I see that some of the answers only work for this particular case. Let me be more specific.
The file I want to split is like the following and the delimiter is "Certificate:"
Certificate:
Data: ...
Signature Algorithm: ...
...
-----BEGIN CERTIFICATE-----
F19ibG6uZyBJbmR1c3RyaWVzIEluYzESMBAGA1UECwwJTWV6emFuaW5lMRMwEQYD\n
2O2RV6HR84N2/A5ZPRF8AQMXJCLIR4qMe/d97/1XK6JQQLUI5NaNroUkW3+tjXo/\n
ovl3vom6xOwUUcFDdv2QoCYBVADX7W2RaVP0JGfiDcekOTwtdos/tmsblboR8oEp\n
fbxD45AowT+khXnPDCQWWpslXJoKMBkaWH7ajb+yKfEYGzRPEmq+v/FPMY9mlJhX\n
epciB5FNO5krO+cyhky5tBZTIv7qCu3kc36dcQXIOTakc7CdoVgwLnytebwTqtpG\n
KuLLH46U8Pp3eeiDDBxYJlz6a2bsbtOaKb1CKMFB3x8LLfLbF4Sh+ScDHetkJDh5\n
...
Certificate:
...
Certificate:
...
Basically, between "Certificate:" there will be random ASCII characters.
Thanks again.
Upvotes: 2
Views: 744
Reputation: 110665
So many ways...
str = 'Hello: Alice Hello: Bob Hello: Charlie Hello: David'
str.split("Hello:")[1..-1].map {|s| "Hello:"+s}
or
str.split(/(Hello:)/)[1..-1].each_slice(2).map(&:join)
Notice that in the latter method a regex is used which contains the string "Hello:"
in a capture group.
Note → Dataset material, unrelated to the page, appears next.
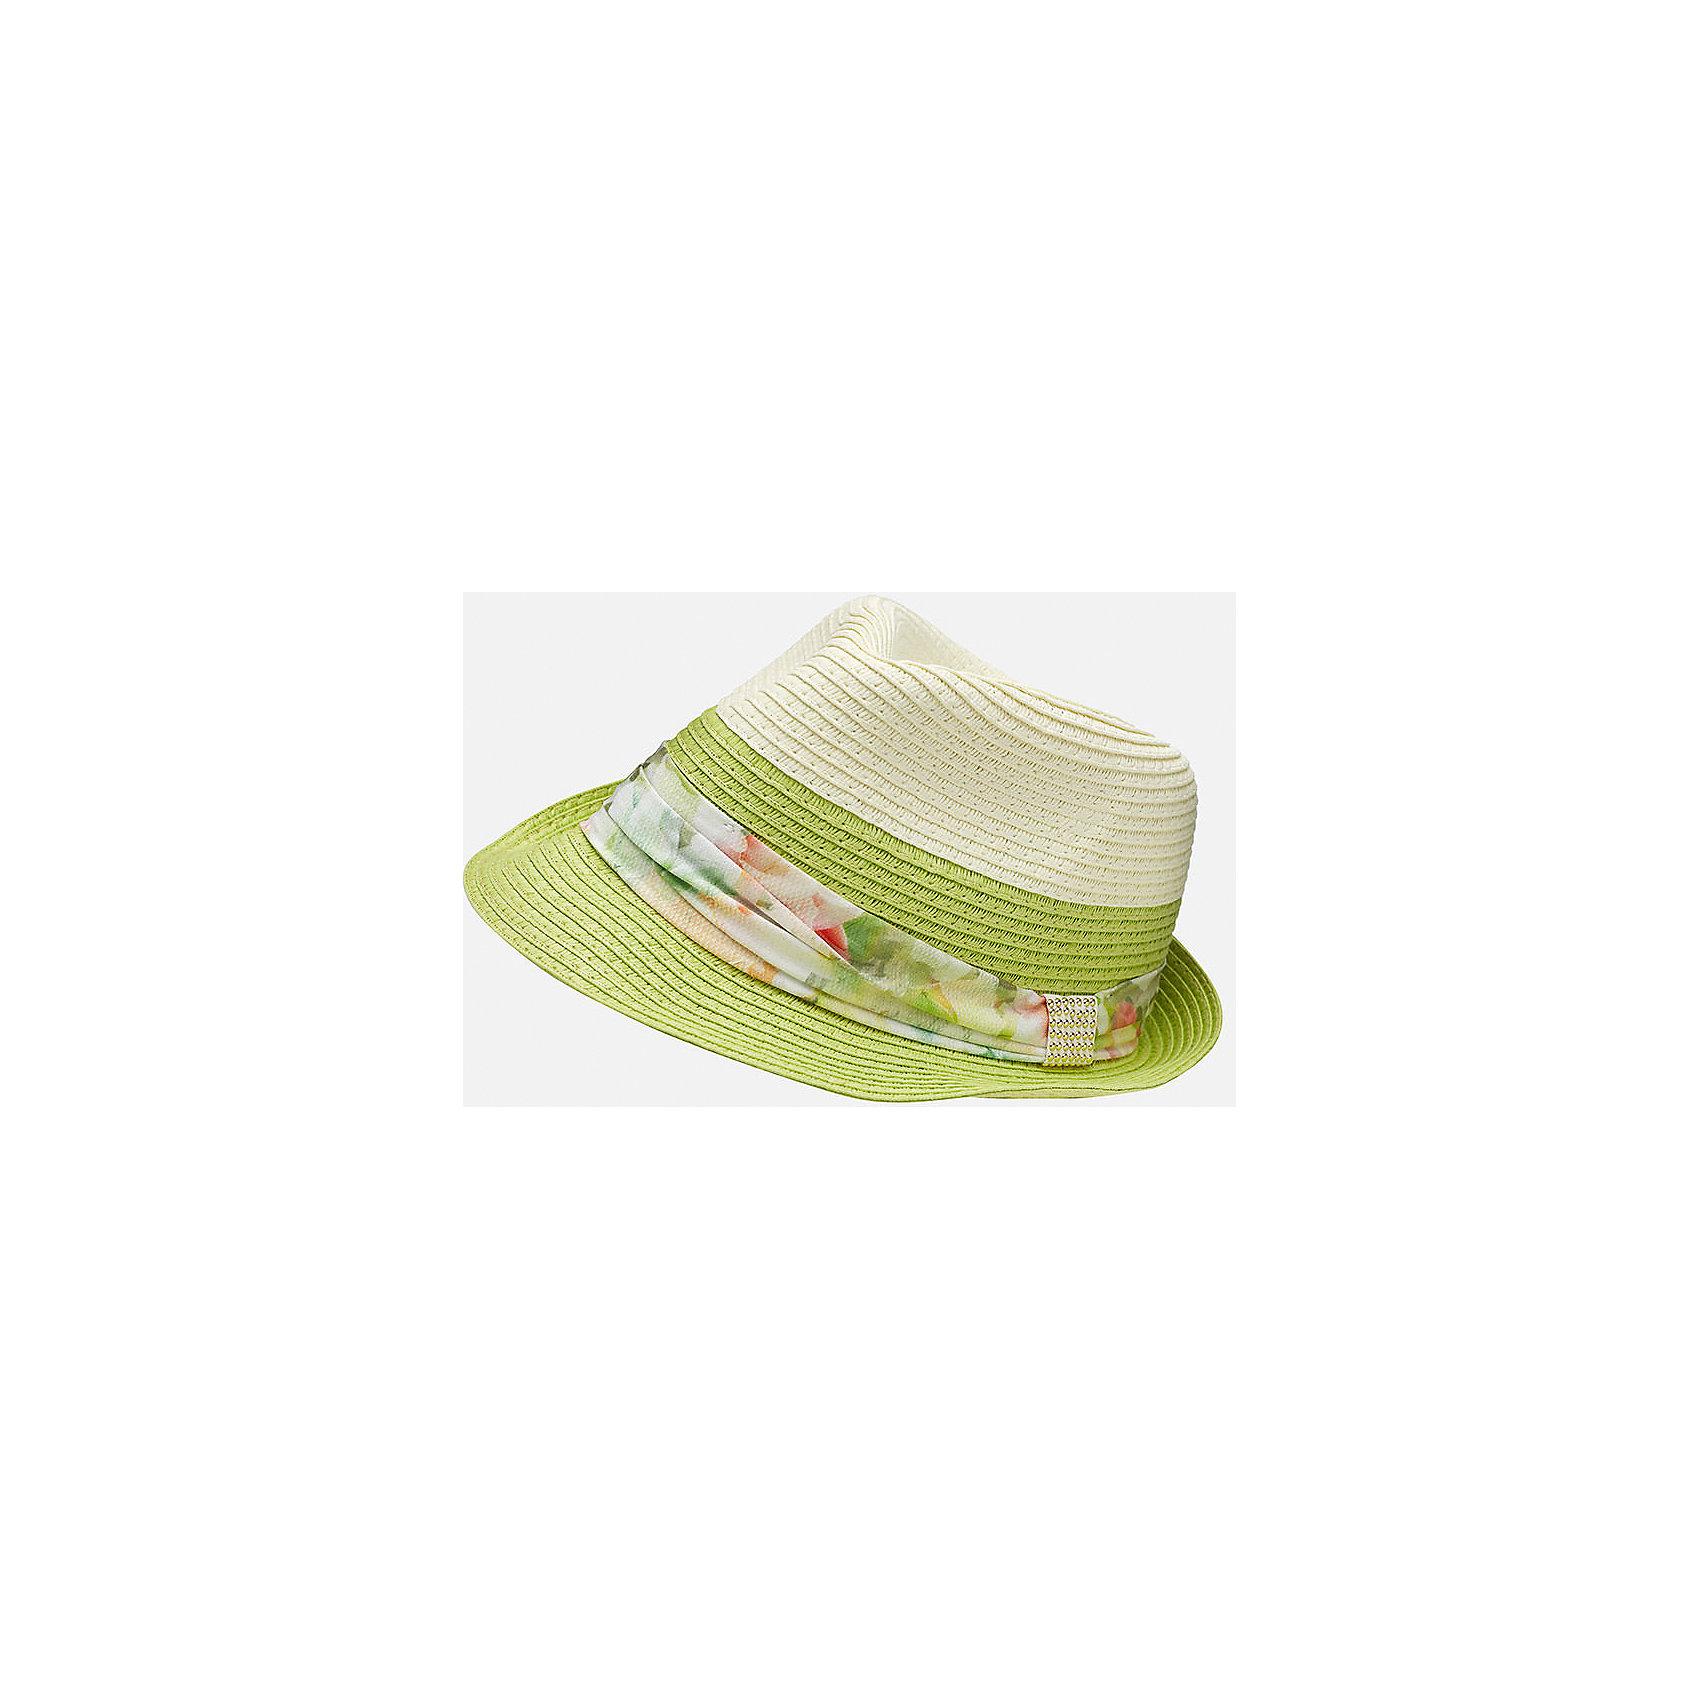 Шляпа для девочки MayoralГоловные уборы<br>Характеристики товара:<br><br>• цвет: зеленый/белый<br>• состав: 100% бумага<br>• дышащая фактура<br>• декорирована лентой<br>• страна бренда: Испания<br><br>Красивая легкая шляпа для девочки поможет обеспечить ребенку защиту от солнца и дополнить наряд. Универсальный цвет позволяет надевать её под наряды различных расцветок. Шляпа удобно сидит и красиво смотрится. <br><br>Одежда, обувь и аксессуары от испанского бренда Mayoral полюбились детям и взрослым по всему миру. Модели этой марки - стильные и удобные. Для их производства используются только безопасные, качественные материалы и фурнитура. Порадуйте ребенка модными и красивыми вещами от Mayoral! <br><br>Шляпу для девочки от испанского бренда Mayoral (Майорал) можно купить в нашем интернет-магазине.<br><br>Ширина мм: 89<br>Глубина мм: 117<br>Высота мм: 44<br>Вес г: 155<br>Цвет: зеленый<br>Возраст от месяцев: 72<br>Возраст до месяцев: 84<br>Пол: Женский<br>Возраст: Детский<br>Размер: 54,56<br>SKU: 5293563

As a result:
str.split(/(Hello:)/)
#=> ["", "Hello:", " Alice ", "Hello:", " Bob ",
# "Hello:", " Charlie ", "Hello:", " David"]
whereas:
str.split(/Hello:/)
#=> ["", " Alice ", " Bob ", " Charlie ", " David"]
Upvotes: 3
Reputation: 43013
Try this regex:
(Hello:\s+.+?)(?=Hello:|$)
http://rubular.com/r/l5WD6A1a2r
Upvotes: 5
Reputation: 160551
This is a common case for using slice_before
:
text = "Certificate:
Data: ...
Signature Algorithm: ...
...
-----BEGIN CERTIFICATE-----
F19ibG6uZyBJbmR1c3RyaWVzIEluYzESMBAGA1UECwwJTWV6emFuaW5lMRMwEQYD
2O2RV6HR84N2/A5ZPRF8AQMXJCLIR4qMe/d97/1XK6JQQLUI5NaNroUkW3+tjXo/
ovl3vom6xOwUUcFDdv2QoCYBVADX7W2RaVP0JGfiDcekOTwtdos/tmsblboR8oEp
fbxD45AowT+khXnPDCQWWpslXJoKMBkaWH7ajb+yKfEYGzRPEmq+v/FPMY9mlJhX
epciB5FNO5krO+cyhky5tBZTIv7qCu3kc36dcQXIOTakc7CdoVgwLnytebwTqtpG
KuLLH46U8Pp3eeiDDBxYJlz6a2bsbtOaKb1CKMFB3x8LLfLbF4Sh+ScDHetkJDh5
...
Certificate:
...
Certificate:
...
"
certificates = text.lines.slice_before(/^Certificate/).to_a
# => [["Certificate:\n",
# " Data: ...\n",
# " Signature Algorithm: ...\n",
# "...\n",
# "-----BEGIN CERTIFICATE-----\n",
# "F19ibG6uZyBJbmR1c3RyaWVzIEluYzESMBAGA1UECwwJTWV6emFuaW5lMRMwEQYD\n",
# "2O2RV6HR84N2/A5ZPRF8AQMXJCLIR4qMe/d97/1XK6JQQLUI5NaNroUkW3+tjXo/\n",
# "ovl3vom6xOwUUcFDdv2QoCYBVADX7W2RaVP0JGfiDcekOTwtdos/tmsblboR8oEp\n",
# "fbxD45AowT+khXnPDCQWWpslXJoKMBkaWH7ajb+yKfEYGzRPEmq+v/FPMY9mlJhX\n",
# "epciB5FNO5krO+cyhky5tBZTIv7qCu3kc36dcQXIOTakc7CdoVgwLnytebwTqtpG\n",
# "KuLLH46U8Pp3eeiDDBxYJlz6a2bsbtOaKb1CKMFB3x8LLfLbF4Sh+ScDHetkJDh5\n",
# "...\n"],
# ["Certificate:\n", "...\n"],
# ["Certificate:\n", "...\n"]]
# ["Certificate:\n", "...\n"]]
slice_before
walks through an Array looking for lines that match a pattern. When it finds them it creates a sub-array of the previous lines, then continues looking for the next match. In the output above you can see the separate sub-arrays for each certificate created.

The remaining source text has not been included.